Assigned task: The full listing, minus its pictures, should be printed again exactly as it stands.

Material provided:
________________
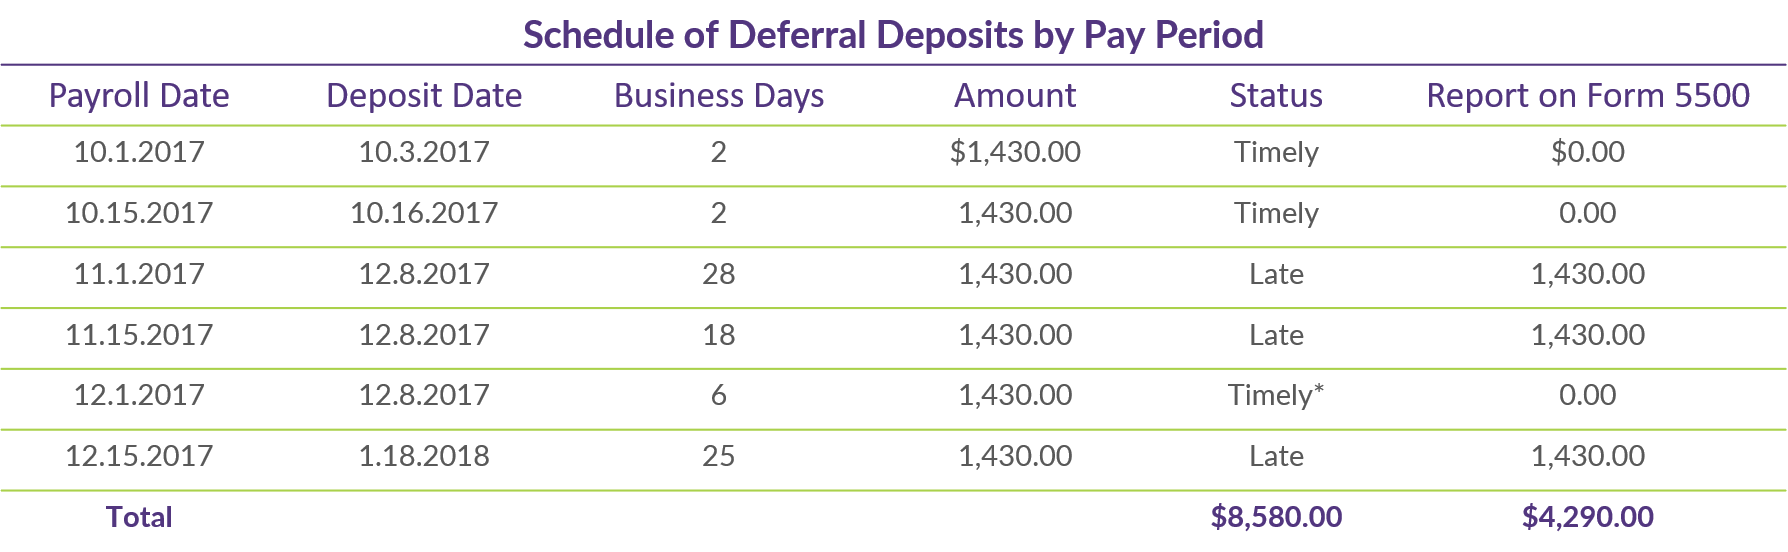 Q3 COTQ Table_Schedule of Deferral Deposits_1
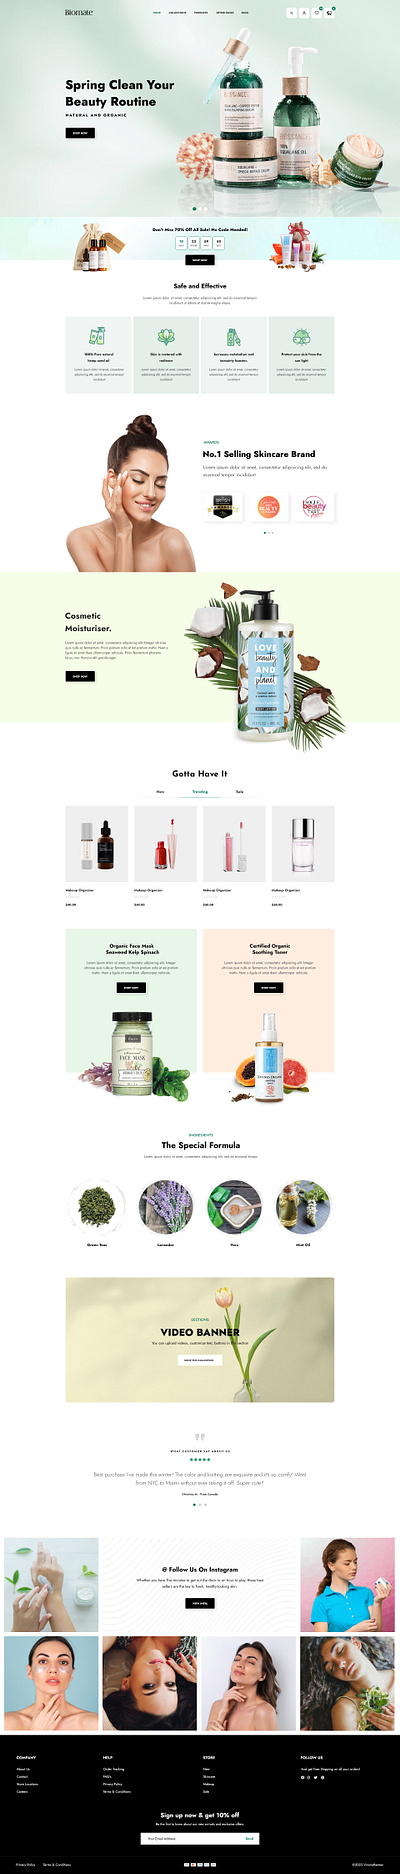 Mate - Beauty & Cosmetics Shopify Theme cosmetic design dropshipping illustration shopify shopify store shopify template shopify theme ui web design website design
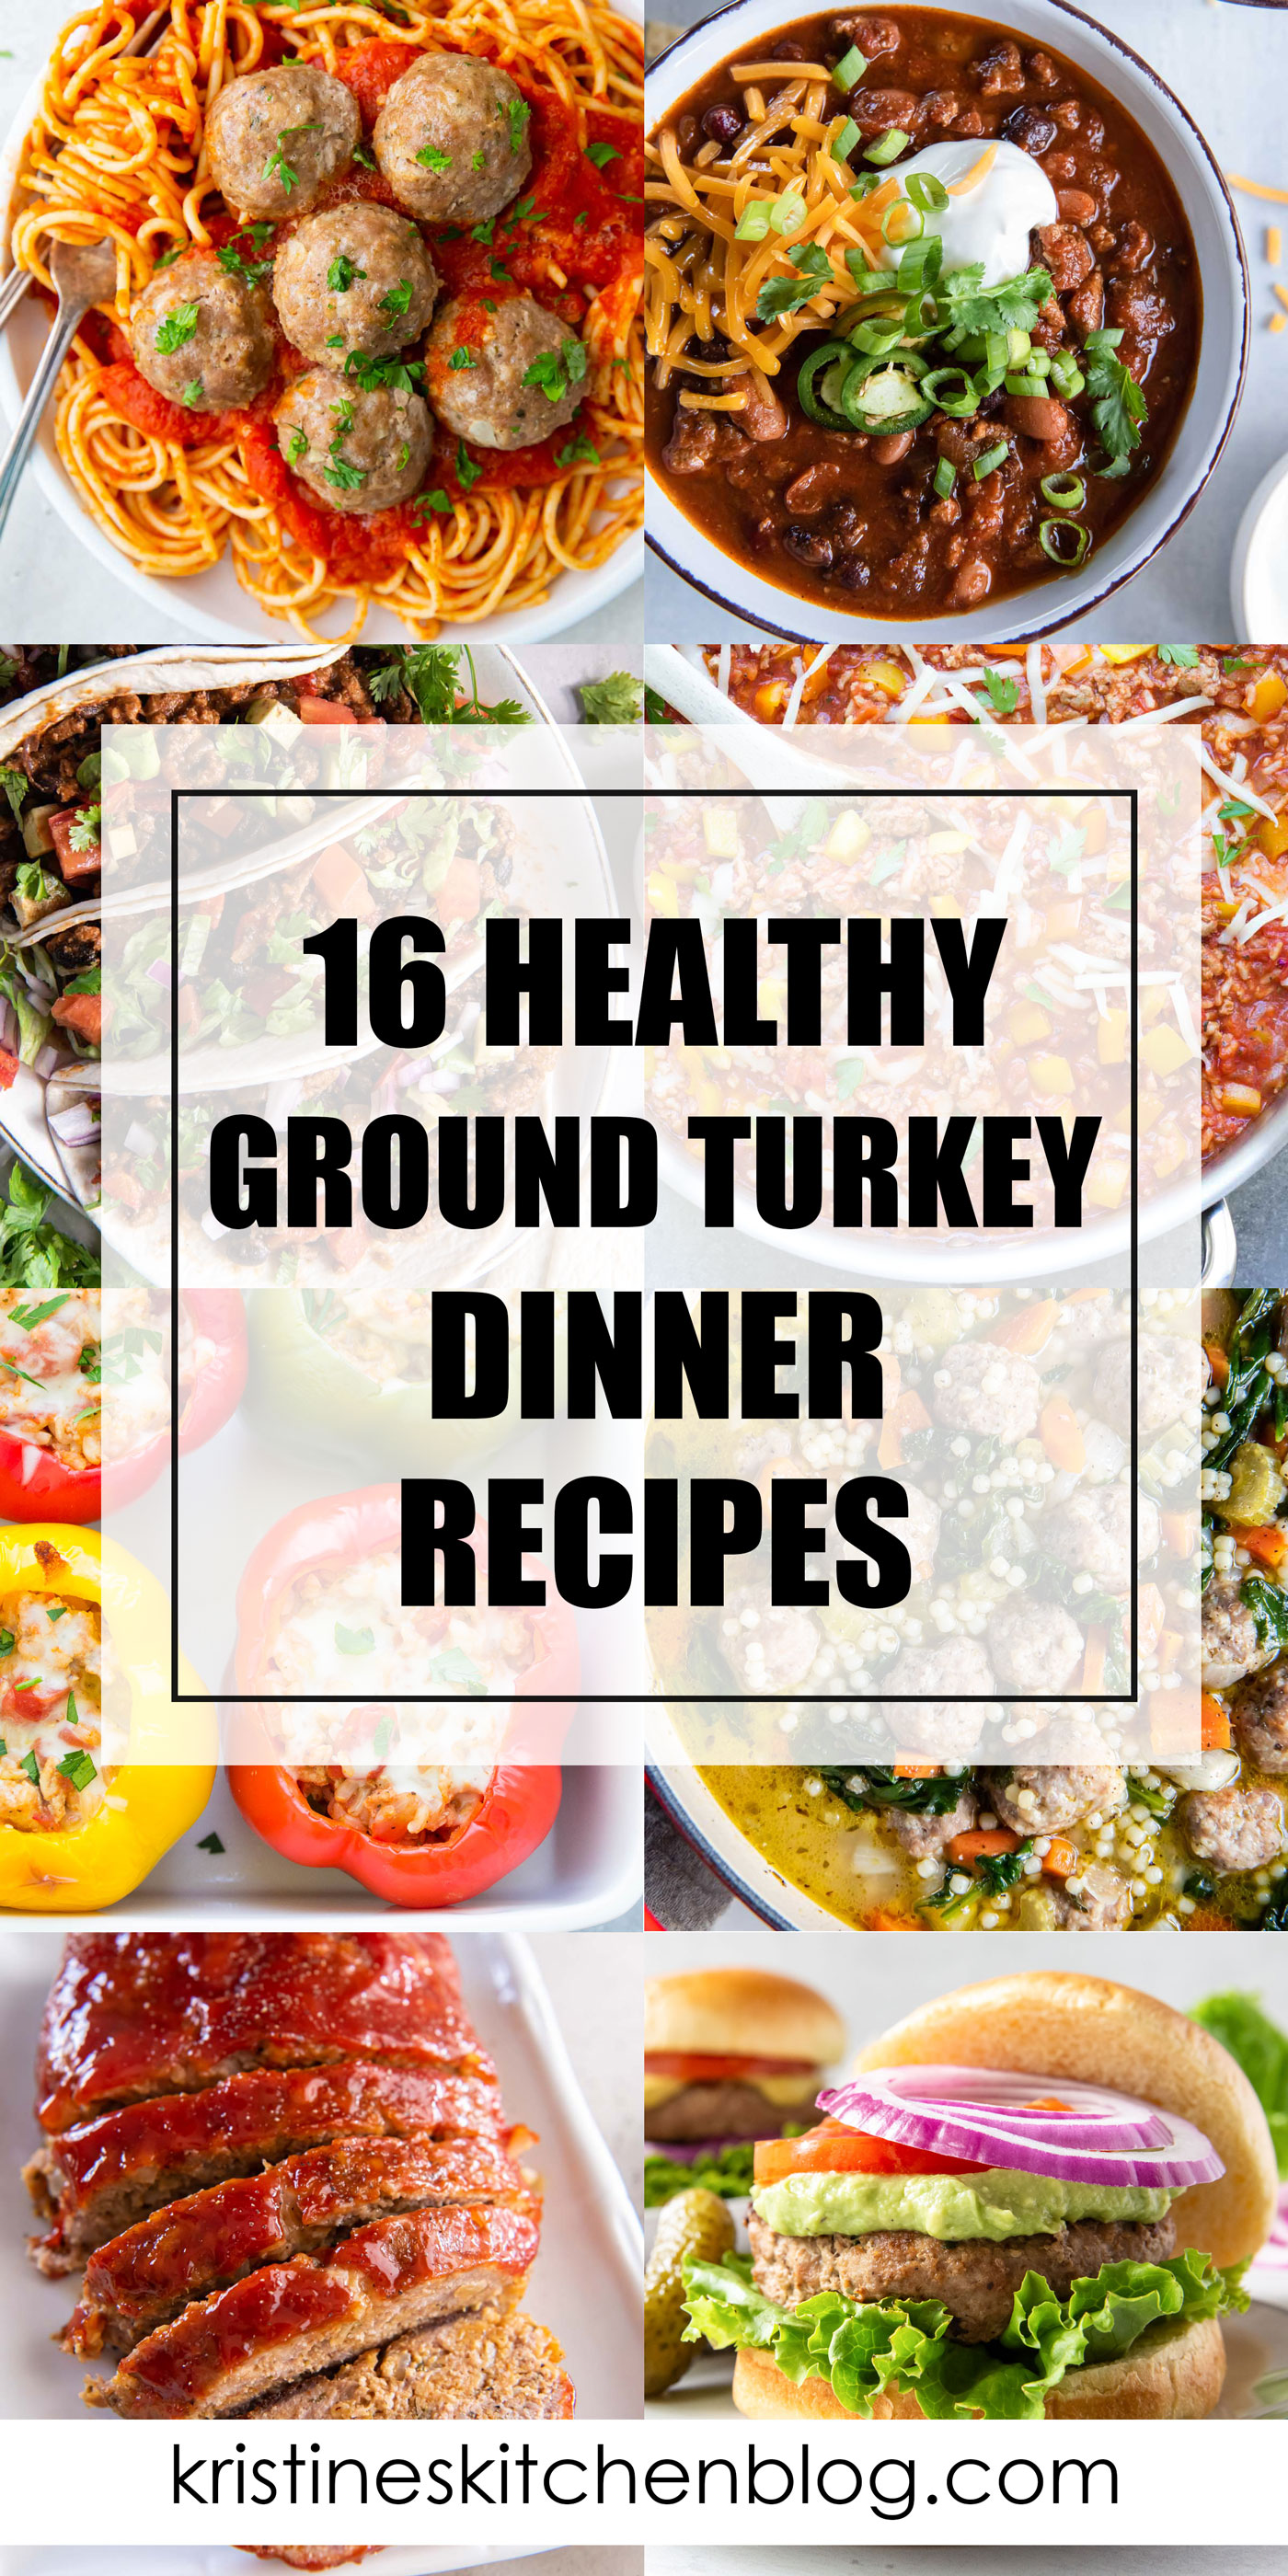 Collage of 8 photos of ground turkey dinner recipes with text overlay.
________________
Answer:
 Q3 COTQ Table_Schedule of Deferral Deposits_1
 Mate - Beauty & Cosmetics Shopify Theme cosmetic design dropshipping illustration shopify shopify store shopify template shopify theme ui web design website design
 Collage of 8 photos of ground turkey dinner recipes with text overlay.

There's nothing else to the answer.